Ismail Pazarbasi via cfe-dev cfe-dev at lists.llvm.org
Mon Oct 26 12:41:48 PDT 2015


On Thu, Oct 8, 2015 at 10:41 AM, Dmitry Vyukov <dvyukov at google.com> wrote:
> On Thu, Oct 8, 2015 at 10:20 AM, Dmitry Vyukov <dvyukov at google.com> wrote:
>> On Wed, Oct 7, 2015 at 11:58 PM, Ismail Pazarbasi
>> <ismail.pazarbasi at gmail.com> wrote:
>>> Hi,
>>>
>>> I've submitted some of the small patches to get TSan running on Mac OS
>>> X. Time for the real challenge is approaching, and that needs some
>>> discussion.
>>>
>>> The biggest problem with TSan on Darwin is the way thread local
>>> variables are created and destroyed. TSan uses a thread-local variable
>>> called "cur_thread_placeholder" to store each thread's state. Thread
>>> locals are initialized lazily on Darwin.
>>>
>>> Darwin dynamic linker uses pthread keys to maintain lifetime and
>>> storage for thread local variables. pthread keys are destroyed in the
>>> order of their construction, not the opposite direction; from lowest
>>> index to highest index. Per POSIX standard, this order is unspecified,
>>> but dyld code (and comments) explain the order. We want TSan's
>>> thread-locals to live until the end of execution, because we'll be
>>> accessing "cur_thread_placeholder" when thread exits. However, since
>>> TSan is initialized too early, it's taken down earlier than other
>>> thread locals. This is problematic, because destructor of these
>>> late-destroyed thread-locals may still call functions in TSan RTL
>>> (interposed functions or functions called from instrumented code, e.g.
>>> __tsan_func_entry). That either immediately crashes, because TSan is
>>> in invalid state or tries to "resurrect" TLV, which generally creates
>>> an infinite recursion, and end up with stack overflow.
>>>
>>> As far as I understood, dynamic linker creates a pthread key acting
>>> like a class "destructor" (quoting to distinguish it from pthread's
>>> destructor). When dyld loads image, it creates another key, whose
>>> destructor function frees the storage. At thread exit, it will call
>>> destructor functions from first to last. Therefore, the first
>>> "destructor" destructor function will be called before "finalize"

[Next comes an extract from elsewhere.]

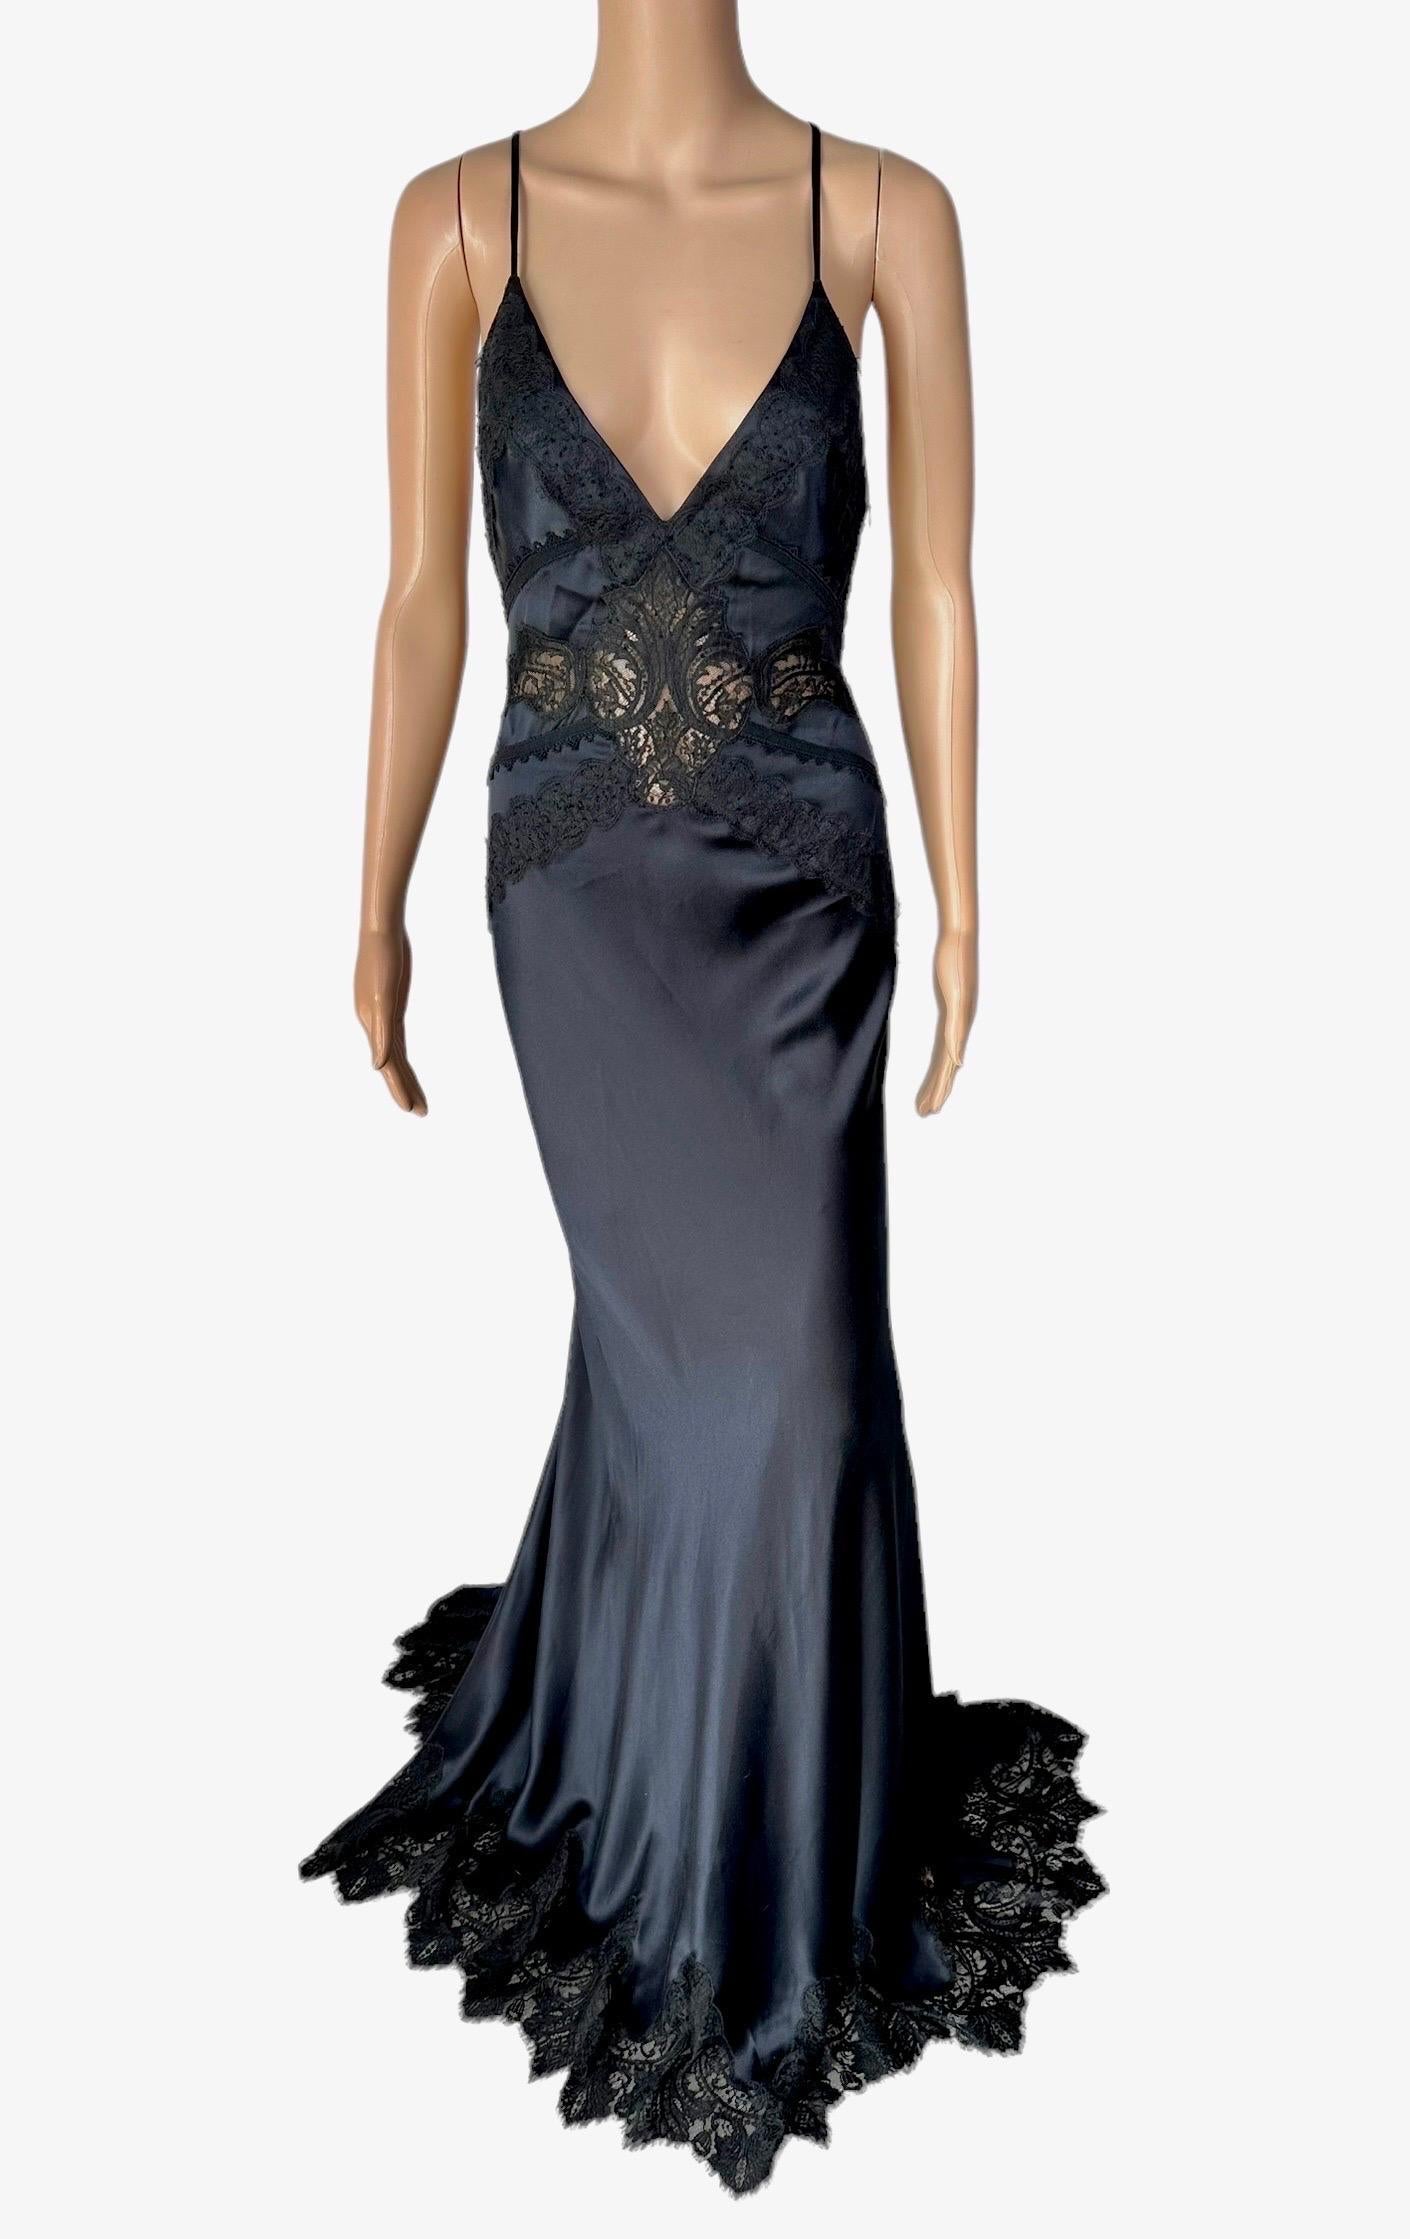 Versace c.2006 Plunging Neckline Sheer Lace Panels Backless Evening Dress Gown  In Good Condition For Sale In Naples, FL

>>> destructor. After finalize, storage is freed, but can be resurrected
>>> if address of TLV is taken.
>>>
>>> I have found a workaround (or a solution -- you name it) that aims to
>>> keep early initialization behavior of TSan TLV keys, but postpone
>>> their destruction as much as possible. It seems like the only way to
>>> do this is to assign highest pthread key indices to dyld's TLV code
>>> when it allocates thread-local variables for TSan, and preserve their
>>> order. Because dyld will create keys in the right order; we just want
>>> to move those keys to the end of allocatable range. We have N pthread
>>> keys available in the range, and we need to allocate three keys at the
>>> highest possible indices, and order them. Two of these keys are used
>>> by TLV code (in dyld), and one is used internally in TSan. In this
>>> case, key N-2 is tlv_init, N-1 is finalizer, and N-3 is internal-use.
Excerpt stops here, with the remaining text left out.